With the steadily increasing number of unique angrite samples available to study, new models of their formation are emerging. In an abstract from the Workshop on Chronology of Meteorites 2007, A. Irving and S. Kuehner (UWS) conceive of a rapid progression of events on the angrite parent body following its accretion within ~2 m.y. after CAI formation. Immediately thereafter, the onset of internal heating by 26Al decay resulted in differentiation of the mantle and formation of a small core (8 mass%; Shirai et al., 2009). Subsequent to this, plutonic and volcanic magmatism occurred, along with metasomatism, metamorphism, and impact-generated regolith formation, all occurring within ~411 m.y. after CAIs.
In-depth studies of the diverse angrite samples collected thus far are bringing to light a scenario in which a large planetary body accreted and crystallized over an extended period of time, perhaps as long as 7 m.y., beginning only a few m.y. after the formation of the earliest nebular condensates. The refractory bulk composition of this body, along with features such as a high abundance of trapped solar noble gases, attests to an origin in close proximity to the Sun. The oldest angritic material is recognized in the form of early crustal vesicular rocks like Sahara 99555, D'Orbigny, and NWA 1296. Younger angritic material, in the form of impact-mixed extrusive and intrusive magmatic rocks together with regolith material, is represented by A-881371, LEW 87051, and NWA 1670. The youngest angritic rocks known, represented by the meteorites Angra dos Reis, LEW 86010, NWA 2999, NWA 4590, and NWA 4801, are composed of annealed regolith and late intrusive plutonic lithologies.

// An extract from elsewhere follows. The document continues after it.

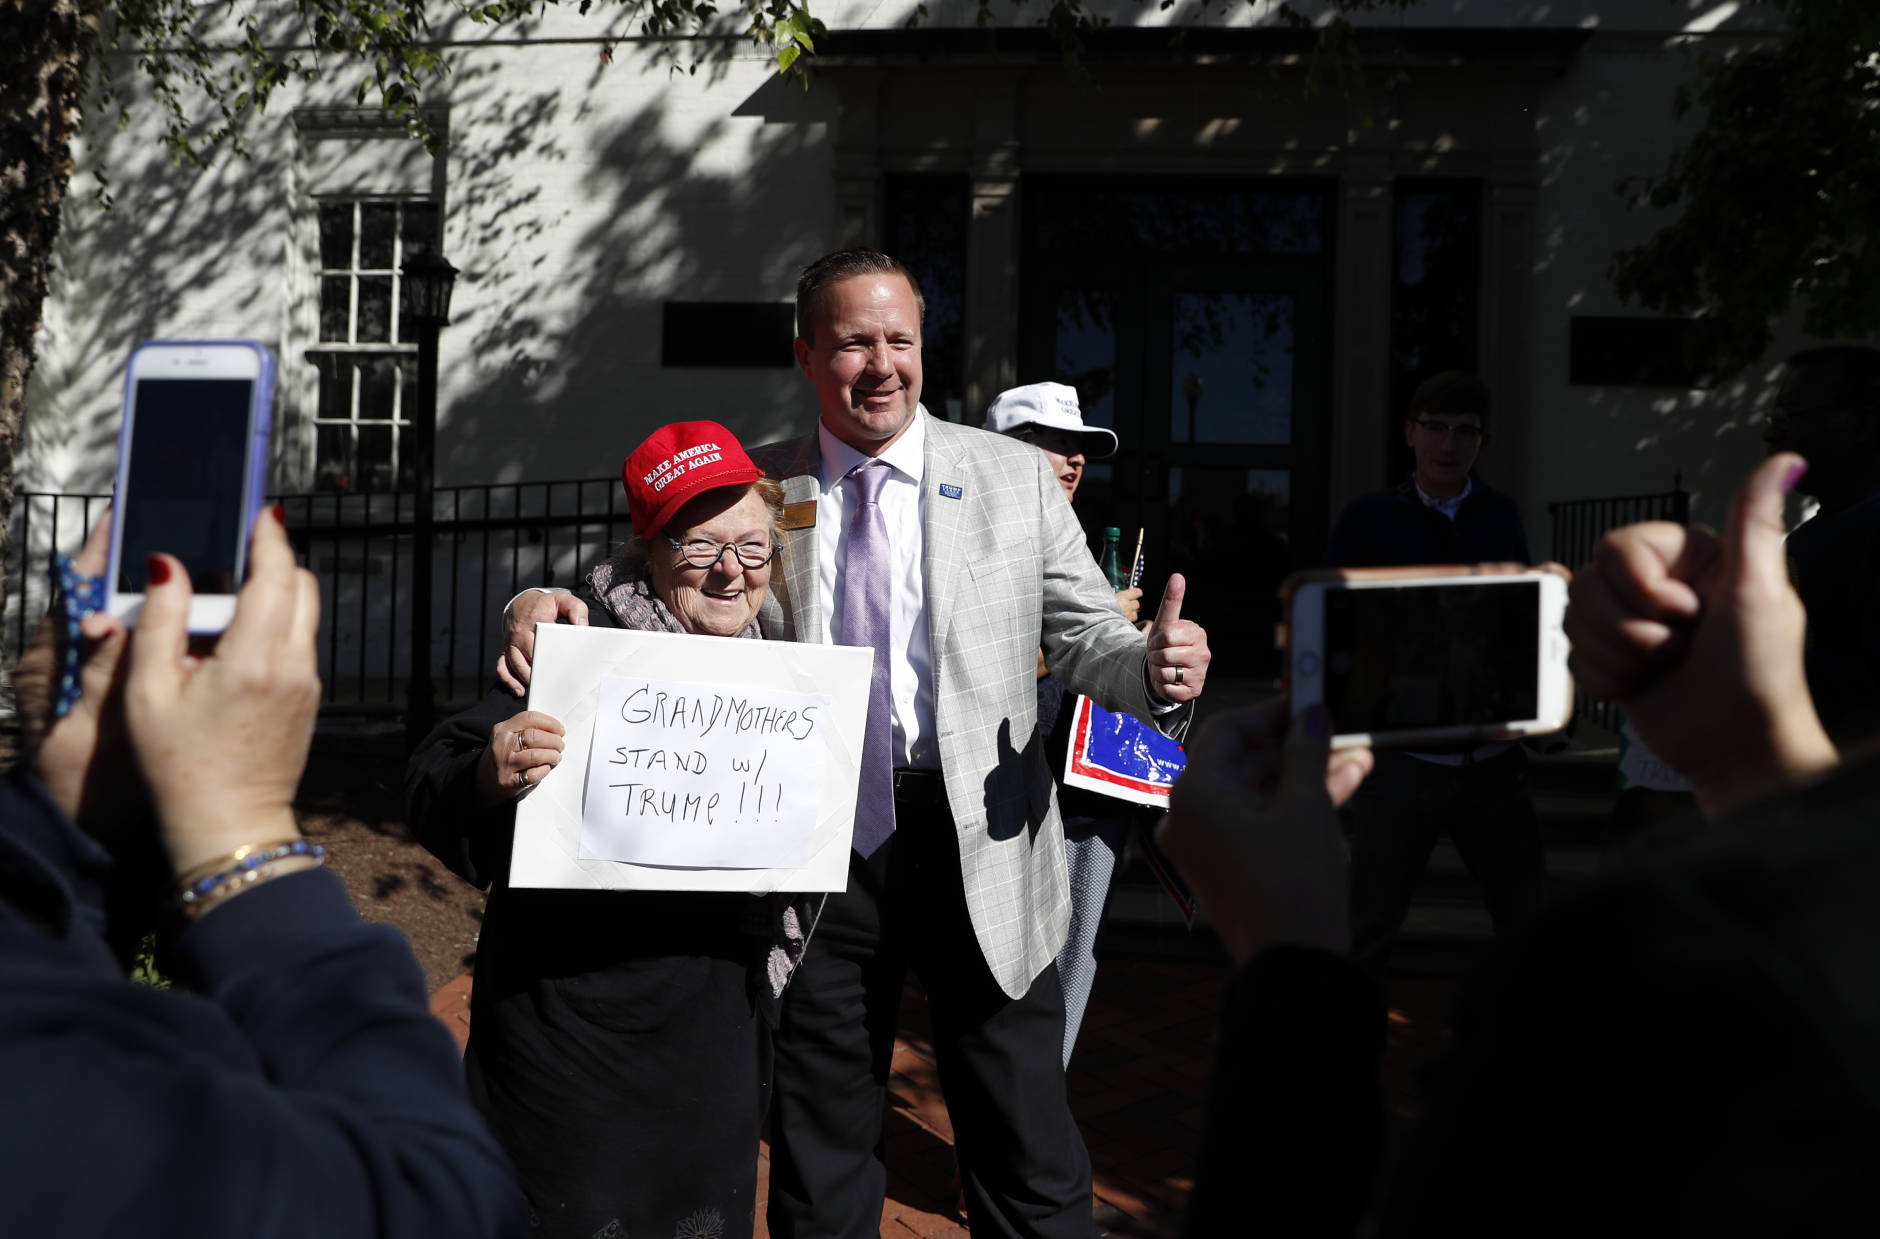 Corey Stewart, chairman of Republican presidential candidate Donald Trump's Virginia campaign, right, gives the thumbs-up as he poses for a photo with Trump supporter Heidi Saba with her sign that reads "Grandmothers Stand w/Trump!!!" outside the Republican National Committee Headquarters in Washington, Monday, Oct. 10, 2016. Stewart and Virginia Women for Trump gathered in support of Trump.  (AP Photo/Carolyn Kaster)

It is proposed that one or more severe collisional impacts onto the angrite parent body resulted in the stripping of a significant fraction of its crust and upper mantle, accompanied by dissemination of large sections of this material into a stable orbit for the past 4+ b.y. This location may lie within the main asteroid belt, or may possibly remain associated with the original collisionally-stripped parent body, postulated by some to be the planet Mercury. The disparity in FeO content that exists between the angrite group of meteorites (up to 25 wt%) and that which is observed on the surface of Mercury (~5 wt%) may reflect the existence of a redox gradient in which the lower mantle region, now the present surface of Mercury, has a more magnesian composition.
The CRE age calculated for NWA 4801 is 31.6 (±1.5) m.y. (Nakashima et al., 2008). It was concluded that the wide range of CRE ages determined for the angrites0.671 m.y. for ten angrites measuredindicates that the APB was/is a large body which has experienced recurrent episodes of impact and dissemination of the crust over a very long period of time.
Although NWA 4801 has been remagnetized by hand magnets, a study by Weiss et al. (2008) of remanent magnetism in angrites revealed that a magnetic field with a strength of ~10 µteslas, ~20% of that of present-day Earth, was imparted to the angrite PB during its earliest phase of crystallization (as observed particularly from the angrite D'Orbigny). This magnetic field may be attributable to a number of possible causes, e.g., accretion to an orbit in close proximity to the early T-Tauri phase solar field, or perhaps more plausible, a magnetic field generated through an internal core-dynamo mechanism. The specimen of NWA 4801 shown above is a 0.98 g partial slice.